This morning, the 3rd Circuit Court of Appeal issued a mixed decision regarding the 18 US Code § 2257 record-keeping regulations, but one that contains some good news for the adult industry. While the Circuit disagreed with claims that the 2257 record-keeping regulations violated the First Amendment, the court did agree that requiring adult producers make 2257 records available without a warrant, accessible by law enforcement for any reason, violated a producer’s Fourth Amendment protections against unreasonable search and seizure. This means that while the regulations stand for now, they are largely unenforceable as written.

“The Third Circuit’s decision striking down the recordkeeping inspection regime as unconstitutional under the Fourth Amendment deals a substantial blow to the 2257 scheme,” said attorney J. Michael Murray, who argued the case on behalf of FSC and other plaintiffs. “Under today’s ruling, the Government can no longer appear at the doors of Free Speech Coalition’s members without a search warrant, and demand entry to inspect their 2257 records in derogation of the Fourth Amendment.”

Diane Duke, President and CEO of the Free Speech Coalition, was enthusiastic about the ruling, and possible future decisions.

“This decision was a hard-fought victory for adult industry. The Third Circuit’s decision struck down the record-keeping inspection as unconstitutional under the Fourth Amendment. The decision prohibits the routine, warrantless inspections which were the hallmark of the original regulation. It is important to note that this decision only protects members of the Free Speech Coalition, the plaintiff in the case.

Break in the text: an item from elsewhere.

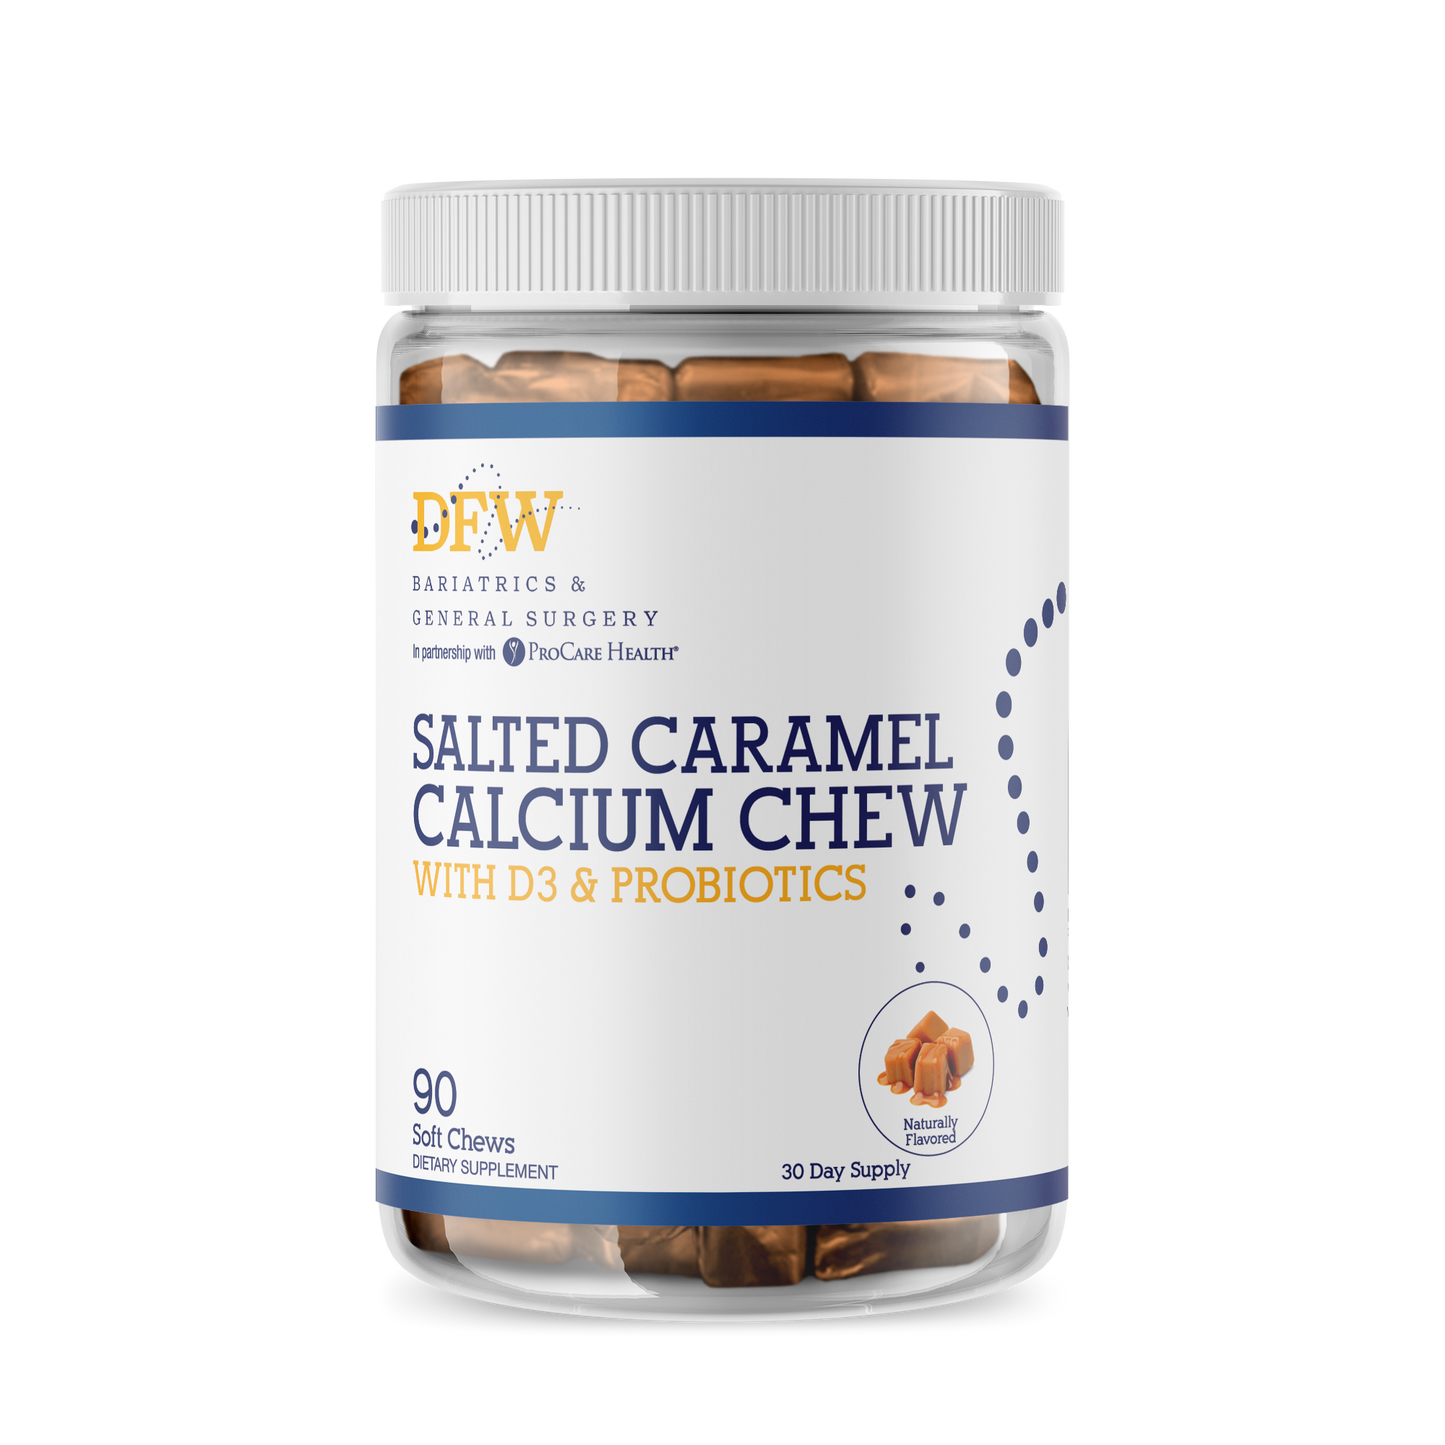 500mg Calcium Chews Dinner Mint, ProCare Health

We suggest that all adult producers make sure their membership is in good standing, and if not, to join in order to take advantage of the protections.”

“Of course, we entirely disagree with the court’s holding that the regulations themselves are not prohibitively burdensome to producers under the First Amendment,” Duke added. “However, the court remanded some of the restrictions back to a lower court — including those that require business owners keep certain hours to make records available for inspection — and we’re hopeful they will be overturned. Over the next few weeks, we will be examining the decision in more detail to determine if we should appeal it en banc.”

For right now, producers should still keep records as they have been doing. However — for FSC members — the threat of warrantless drop-by inspections are gone. FSC is hopeful that attendant requirements to make those records available for 20 hours a week will soon be gone as well.